Nia Guzman is suing Chris Brown for more child support.

“Nia is absurd. She’s been living in California for months and has established residency there just so she could take Chris to court in LA for more child support! The case is already in effect and Nia wants more than what they agreed upon in Houston. She wants more — way more — because Royalty deserves every opportunity that life has to offer. Chris continues to flash his gold and diamonds around on Instagram, and him buying a new Ferrari every day infuriates Nia.
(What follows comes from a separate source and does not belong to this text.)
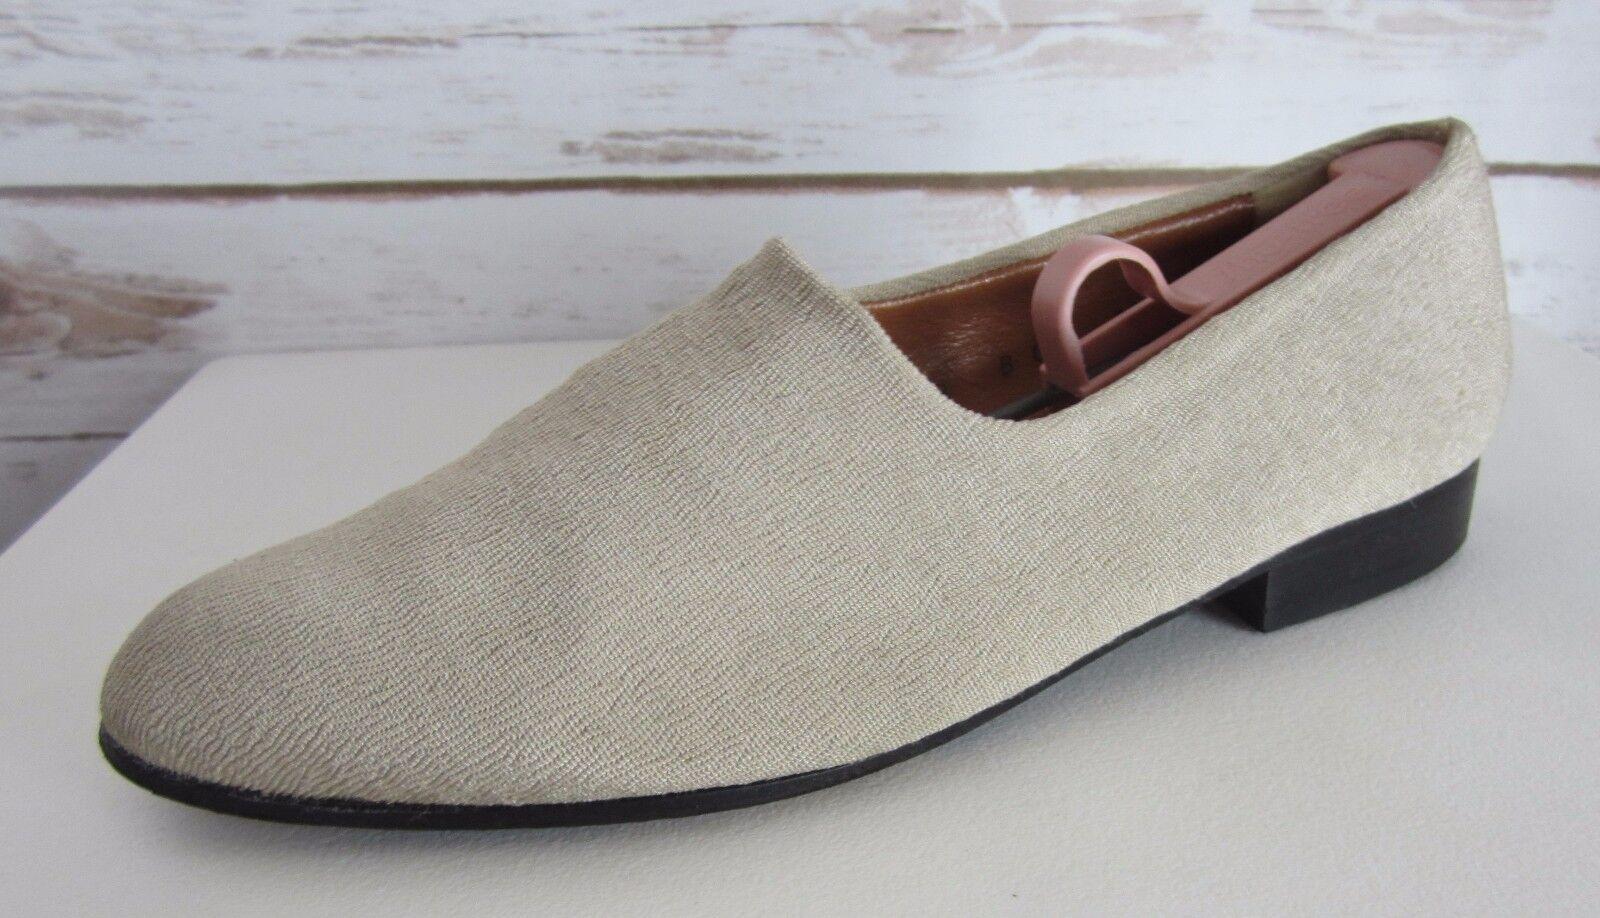 ROBERT CLERGERIE France Damenschuhe Beige Cloth Loafers Leder Slip On Flats Loafers Cloth US 8 B b7c2c1

She’s trying to secure Royalty’s future and she wishes Chris would understand that,” a source close to Chris tells HollywoodLife.com exclusively.
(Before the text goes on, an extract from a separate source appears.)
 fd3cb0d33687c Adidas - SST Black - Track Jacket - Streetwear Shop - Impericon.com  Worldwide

Attorney Joseph Nivin says:

Where do I start?

When you have someone who wants more child support from you, it is a terrible idea to: (1) flash your gold around on Instagram, (2) add your diamonds to your Instagram, (3) buy a new Ferrari (at all, and doing this in multiple is icing on the cake), and (4) publicizing your new Ferraris.

Chris Brown needs legal advice, but that’s the least of his problems.  He desperately needs common sense.
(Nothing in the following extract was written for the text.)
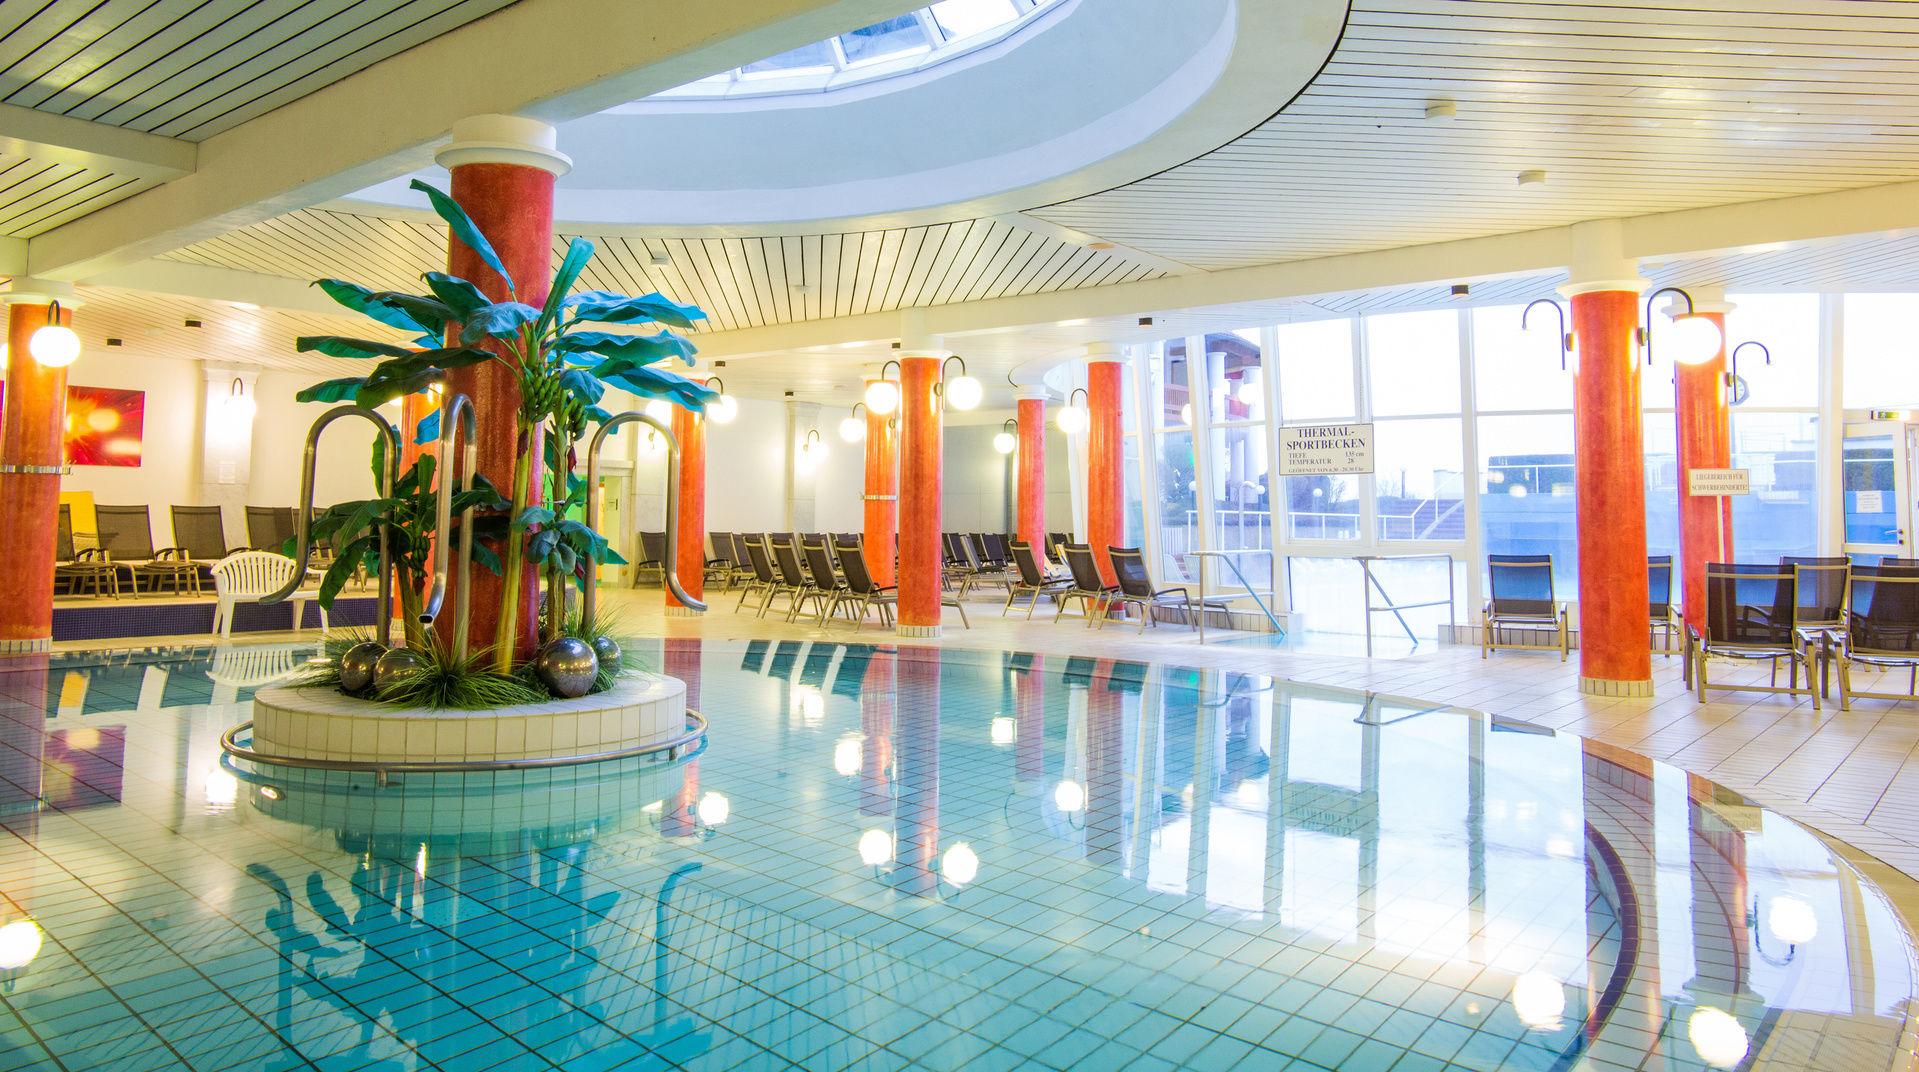 Whirlpool Bad Griesbach : Quellness wellness holidays 3 stars hotel konradshof spa holiday

Now, let’s talk about what Chris is paying.

According to the article, Chris Brown is ordered to pay $2,500.00 per month, plus 100% of his daughter’s medical care, education, and child care.

The $2,500.00 per month is known as “basic support.”  That is supposed to cover the payor’s contributions to daily expenses: food, shelter, clothing, school supplies, utilities, etc.  This number is a percentage of the payor’s income (after deductions, including Social Security and Medicare taxes, and NYC or Yonkers taxes).  That percentage is 17% for one child, 25% for two children, 29% for three children, 31% for four children, and 35% and up for five or more children.

Where a parent is paying $2,500.00 per month in basic support for one child, that generally means that the parent has a solidly upper-middle class income.  However, there are a lot of people out there paying this amount who could only dream of affording one Ferrari.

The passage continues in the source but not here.